Вокруг толпилась стайка молодых людей, юношей и девушек, похожих друг на друга, — смуглые лица, черные прямые волосы, — уже издали я различил из окна автобуса Асину седину. Это были филиппинцы, обычный тогда обслуживающий персонал гнездящихся возле Герцлии вилл иностранных посольств.
«Обидно, но я не могу тебя сегодня позвать к себе, — сказала Ася. — Из армии приехал сын, всего на сутки. С ним подруга. Не хочется мешать. Да они и по-русски не говорят».
Я, признаться, не знал, огорчен я или обрадован этим обстоятельством.
«Ну, вот, то дядя Рува, то сын, — грубовато отшутился я. — Кстати, что дядя Рува? Уехал в Читу?»
«Уехал, уехал. Работал там бухгалтером в управлении сельского хозяйства, А когда произошли события на китайской границе, ужасно перепугался и возвратился обратно в Ригу. Да его уже и нет давно. Совсем нет».
Филиппинцы шустро, как птицы, заполнили автобус, он тронулся в обратный путь.
«Посидим в кафе? — предложила Ася. — По крайней мере что-то новое: мы с тобой ни разу не были в кафе».

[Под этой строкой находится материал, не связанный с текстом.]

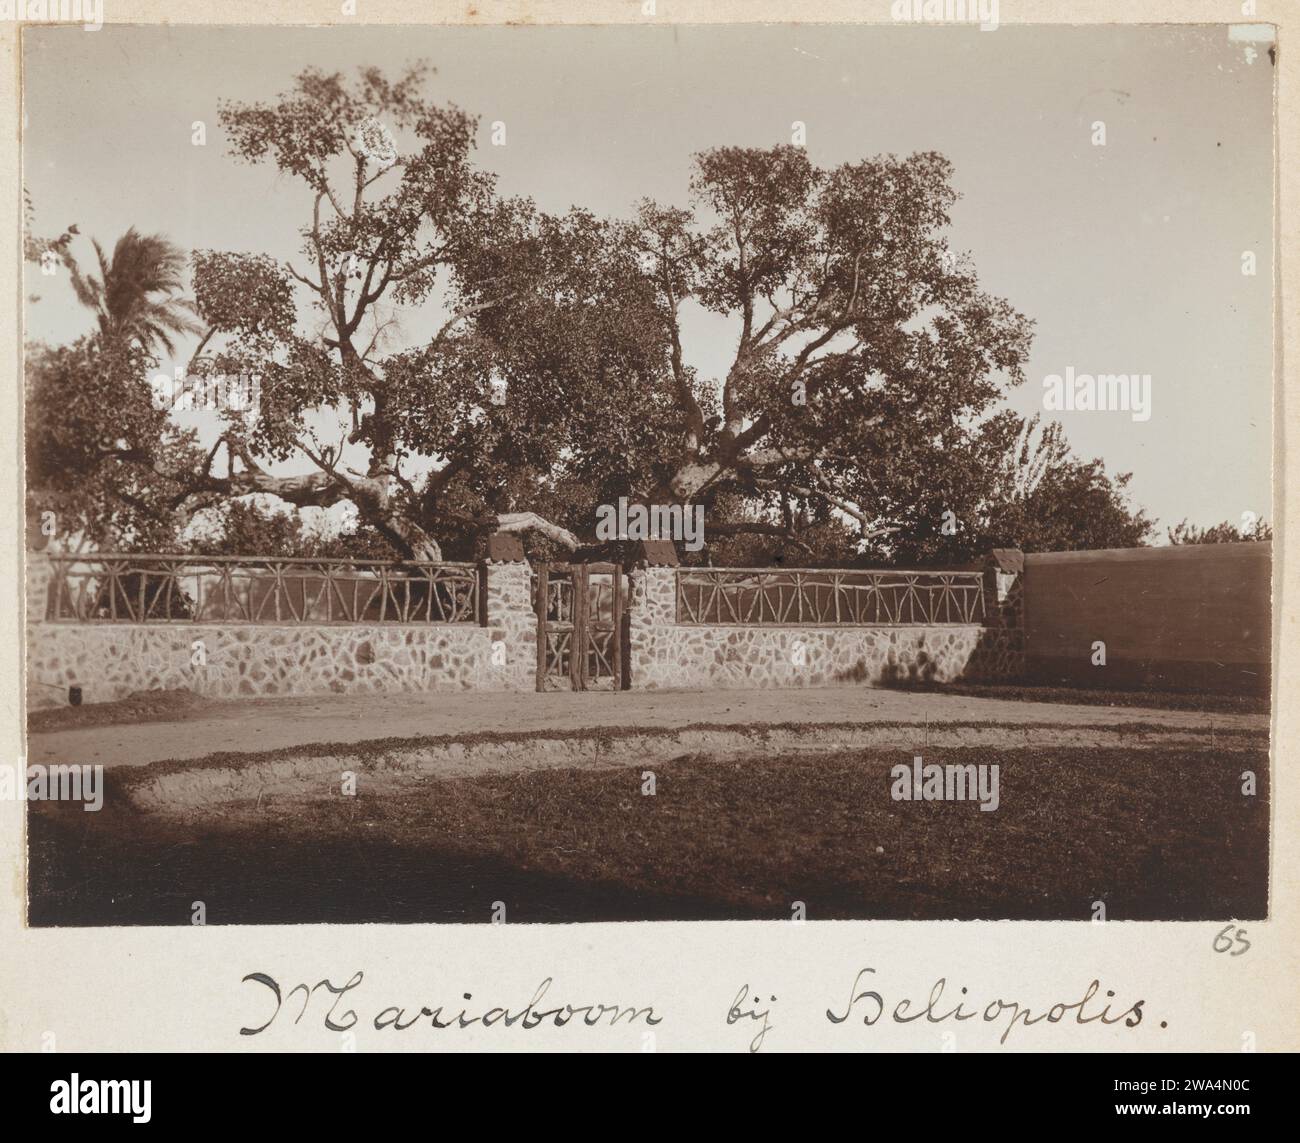 Mariaboom im ehemaligen Heliopolis (heute El Matareya) in Kairo, 1898 fotografieren Cairo baryta Papierbäume. Öffentlicher Gottesdienst und Liturgie der christlichen Kirchen Kairo Stockfoto
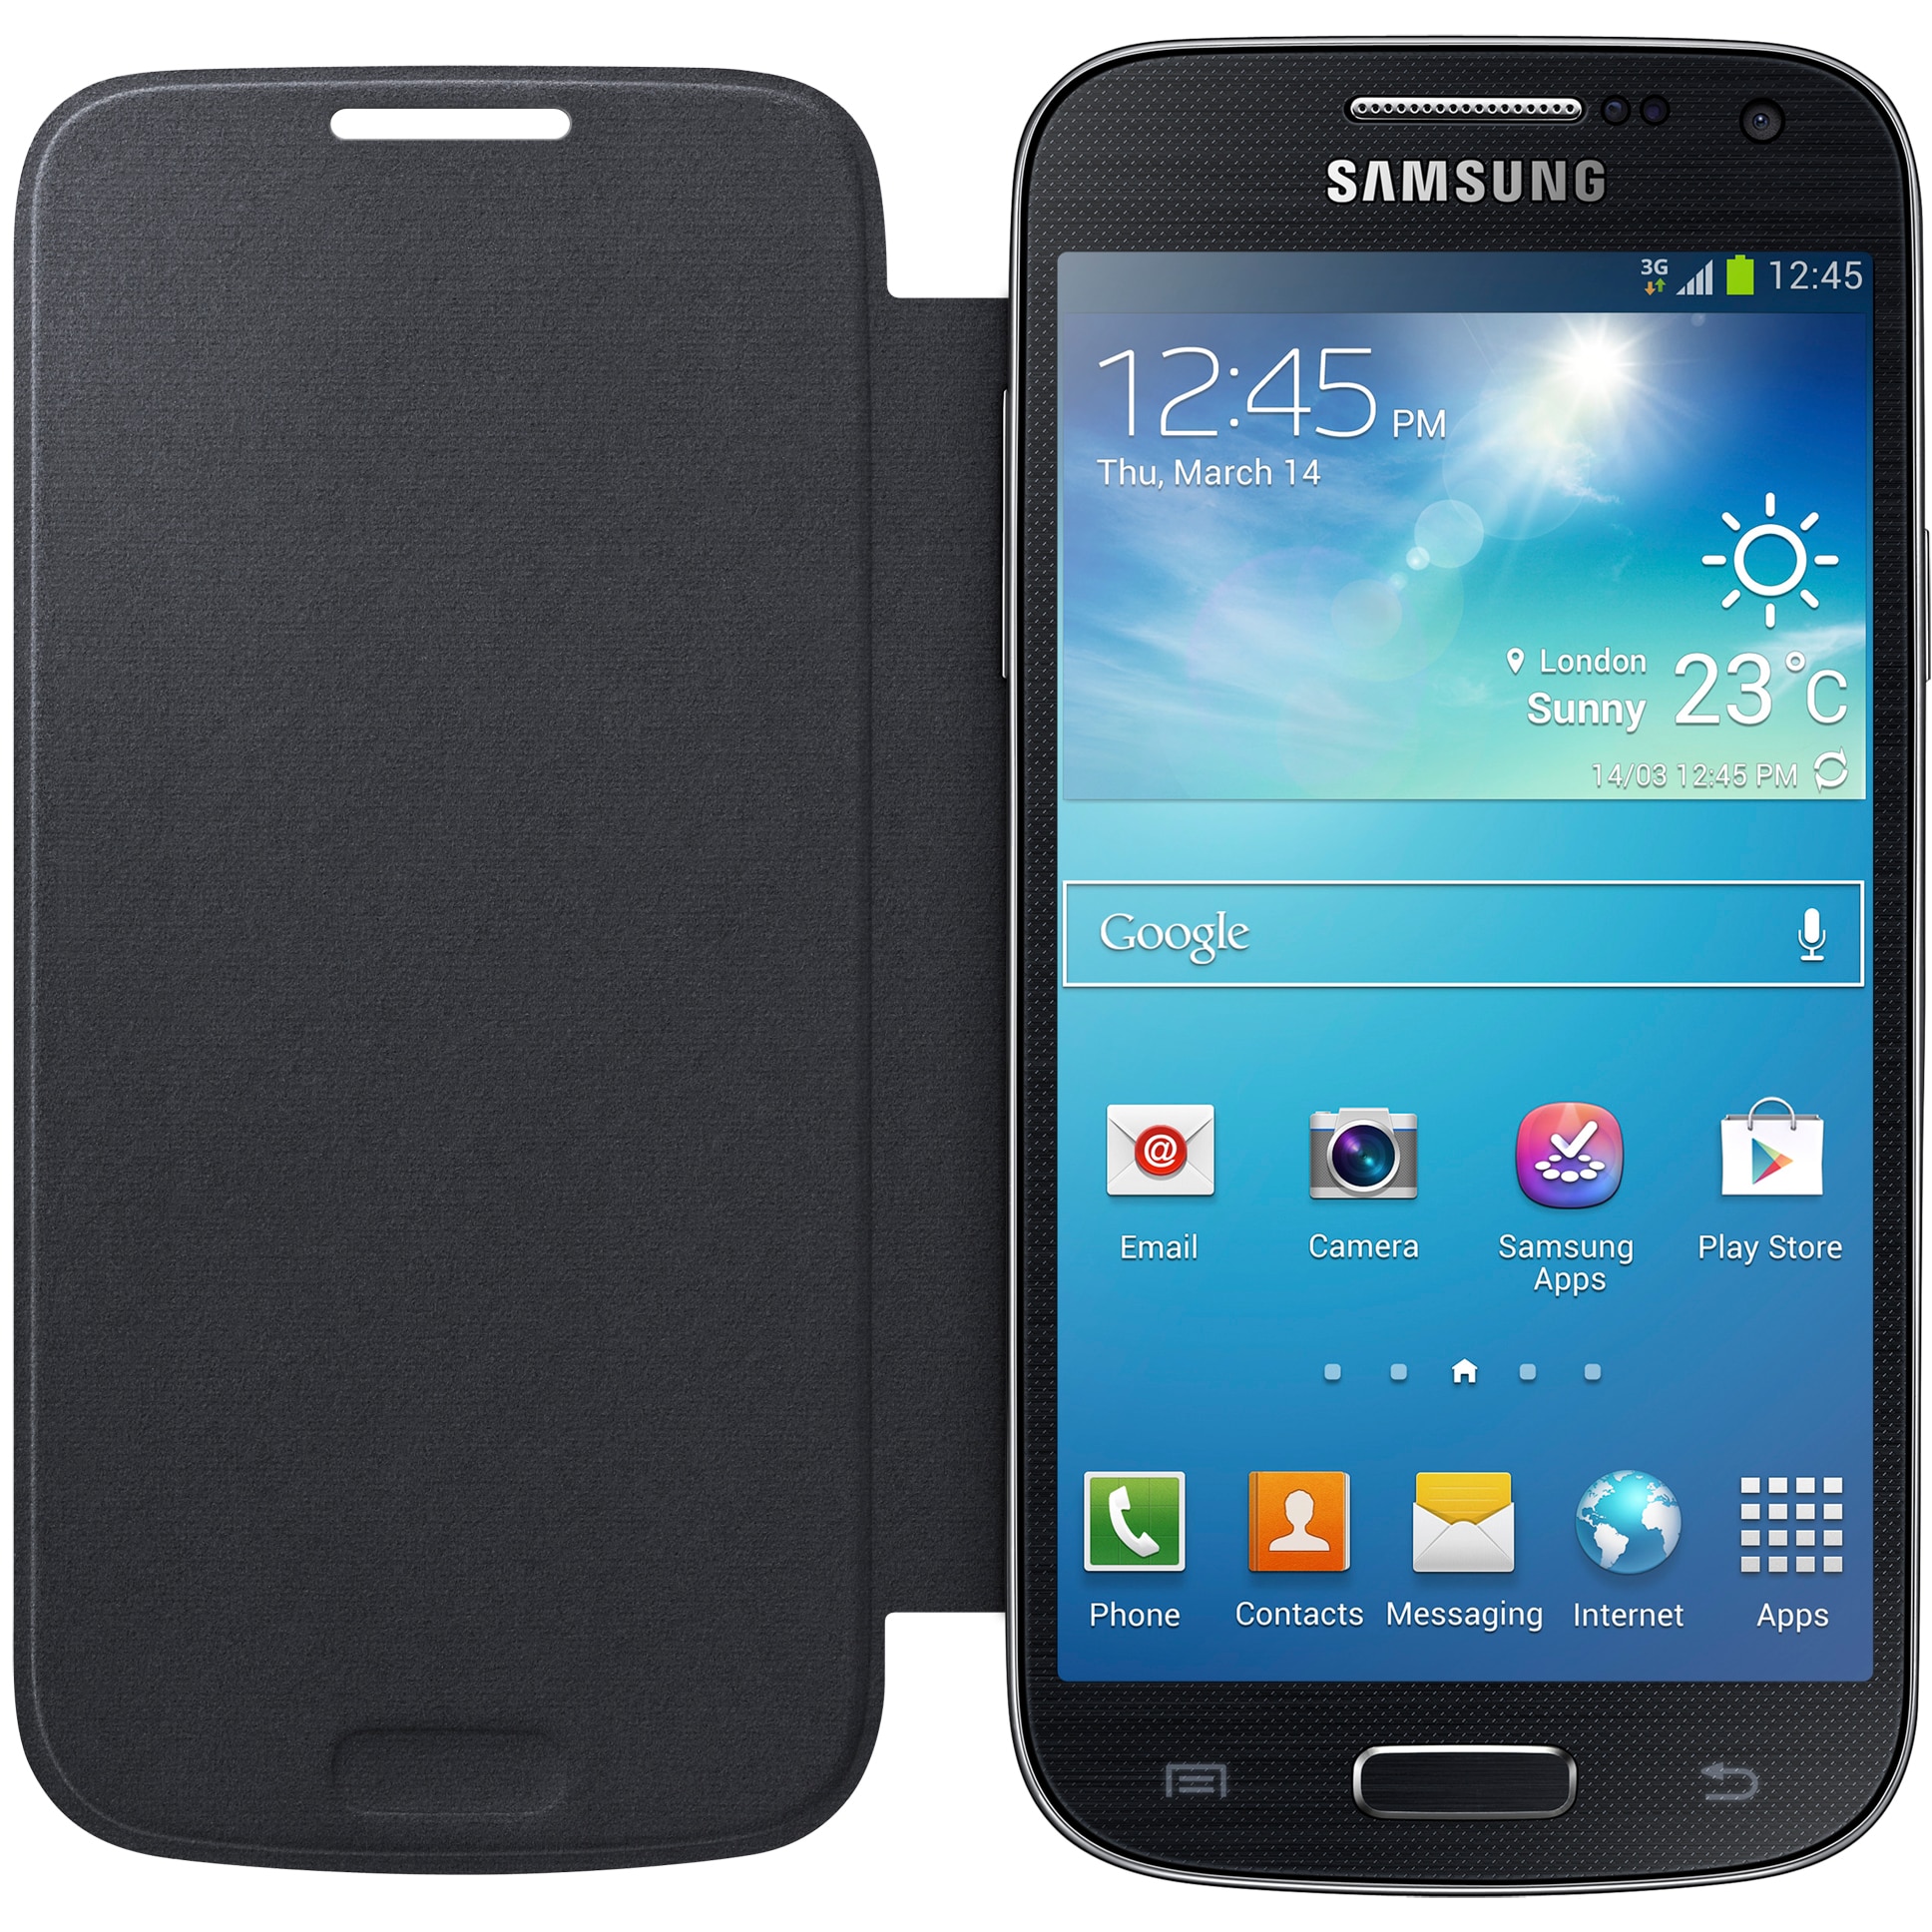 Gt s4 mini. Samsung s4 Mini. Samsung i9190 Galaxy s4 Mini. Samsung Galaxy s4 Mini gt-i9190. Samsung Galaxy 4 Mini gt i9190.

«Да, с тобой я только целовался, — по глупой привычке я выруливал беседу в ненужно опасном направлении. — Пиво я пил с другой женщиной, даже помню, как ее зовут».
Мы свернули в первое попавшееся заведение и, не мудрствуя, заказали пиццу.
«Хороший у тебя сын?» — спросил я. Глупее вопрос придумать было трудно.
«Замечательный. Преподает в школе математику, физику.Отважный турист . Он живет в Бер-Шеве, совсем на юге, а служит здесь. Мелуим — слыхал, может быть? Каждый резервист должен в определенные сроки отслужить несколько месяцев».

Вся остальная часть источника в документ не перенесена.